Determination of structural and thermal features of cellulose from different eucalyptus species

Abstract

Wood from Eucalyptus genus is an important raw material for pulp and cellulose derivatives production. With the aim to understand the differences and the further use for production of cellulose derivatives, eight six-year-old Eucalyptus species were sampled and analyzed for anatomical and chemical characterization. The species studied corresponded to E. badjensis, E. benthamii, E. dunnii, E. globulus, E. nitens, E. smithii and two hybrids of E. nitens x E. globulus (coded x64 and x65), which ranged a wood density of 420 – 484 kg/m3, being E. globulus and E. smithii the higher wood density trees, and E. badjensis the lower one. Different chemical and anatomical features were observed from the different wood species. Infrared spectroscopy (FTIR), x-ray diffraction (XRD) and thermogravimetric analysis (TGA) data were obtained from wood, holocellulose and alphacellulose samples of the eight Eucalyptus studied in order to obtain information about their cellulose structure.
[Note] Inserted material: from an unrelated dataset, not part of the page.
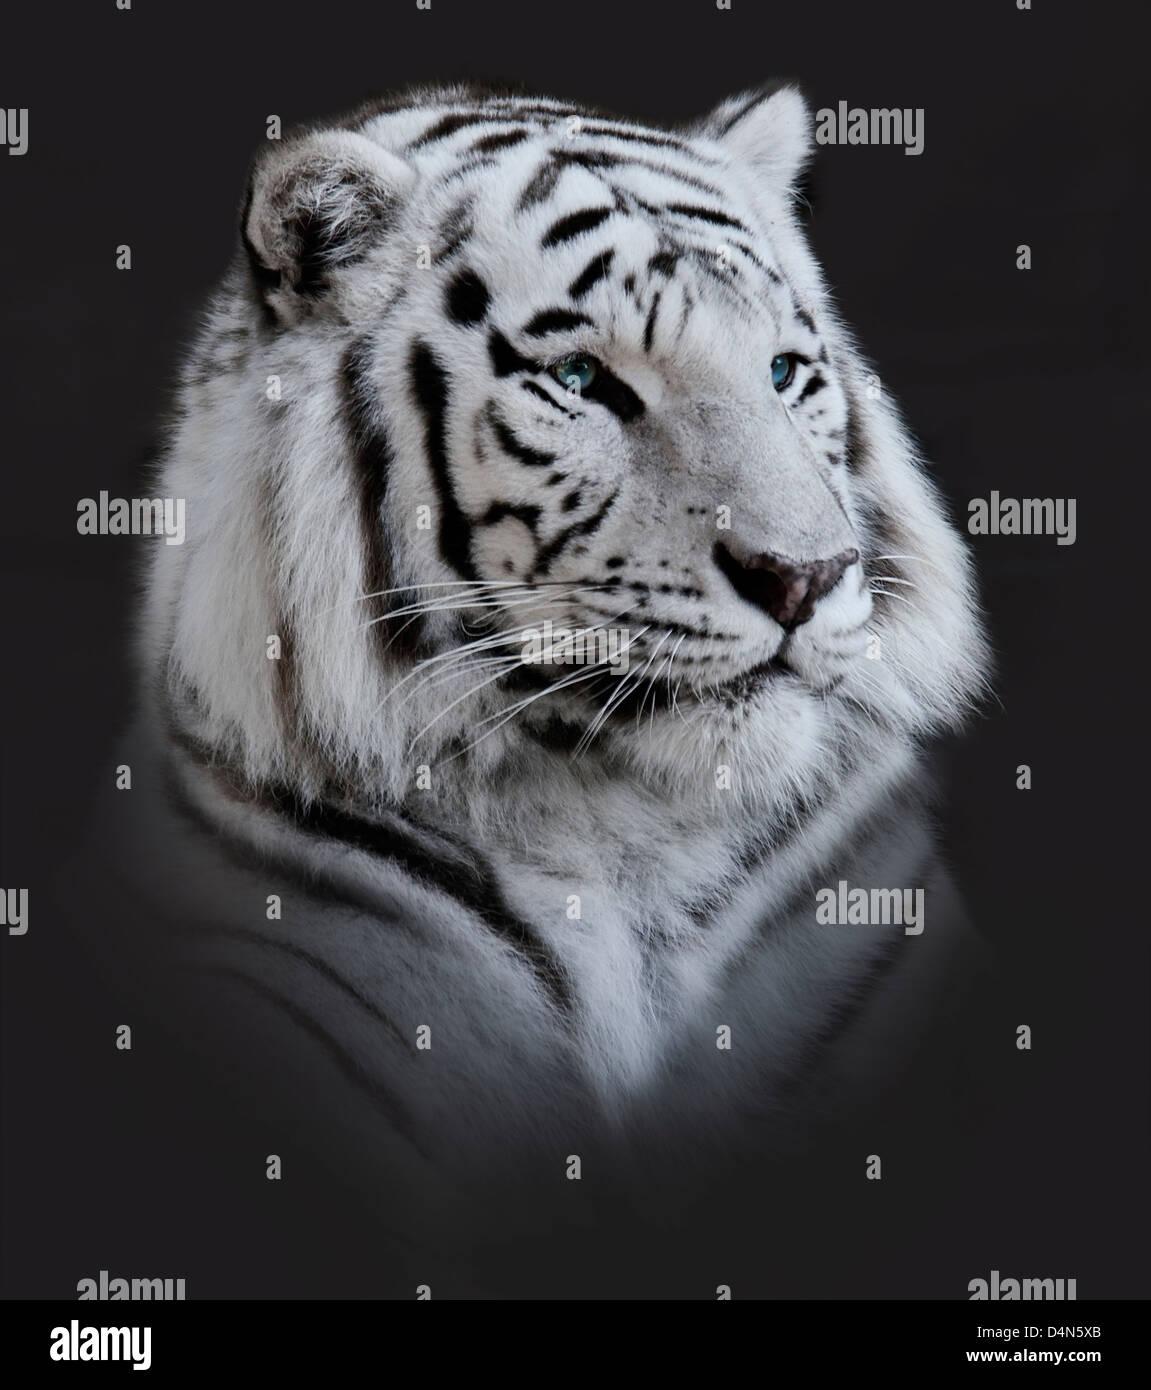 La Tigre Bianca ritratto su sfondo scuro Immagini Stock

From FTIR spectra, the total crystalline index (TCI) and the lateral order index (LOI), which is defined as an empirical crystallinity index, were calculated. In wood samples the TCI ranged 0.292 – 0.394, while LOI ranged 1.013 – 2.698. From XRD data, the crystallinity index (CrI) and crystallite size can be obtained. The CrI ranged 51.2 – 57.2% in wood samples. The highest TCI and CrI values were observed in E. dunnii; the lowest TCI values were observed in E. nitens and E. smithii, and the lowest CrI values were observed in E. badjensis, E. smithii and E. nitens. It was also observed that TCI and CrI values increase after holocellulose isolation, but both decrease again in alpha-cellulose samples. From TGA, the thermal degradation profiles obtained showed that the higher DTG peak temperature (related with cellulose degradation) was observed in x64 and E. dunnii (369ºC), while the lower DTG peak temperature was observed in E. smithii (352ºC). Therefore, Eucalyptus species showed different variation patterns for the structural features of cellulose, which could be attributed to chemical and structural properties of the inherent properties of wood components from each species.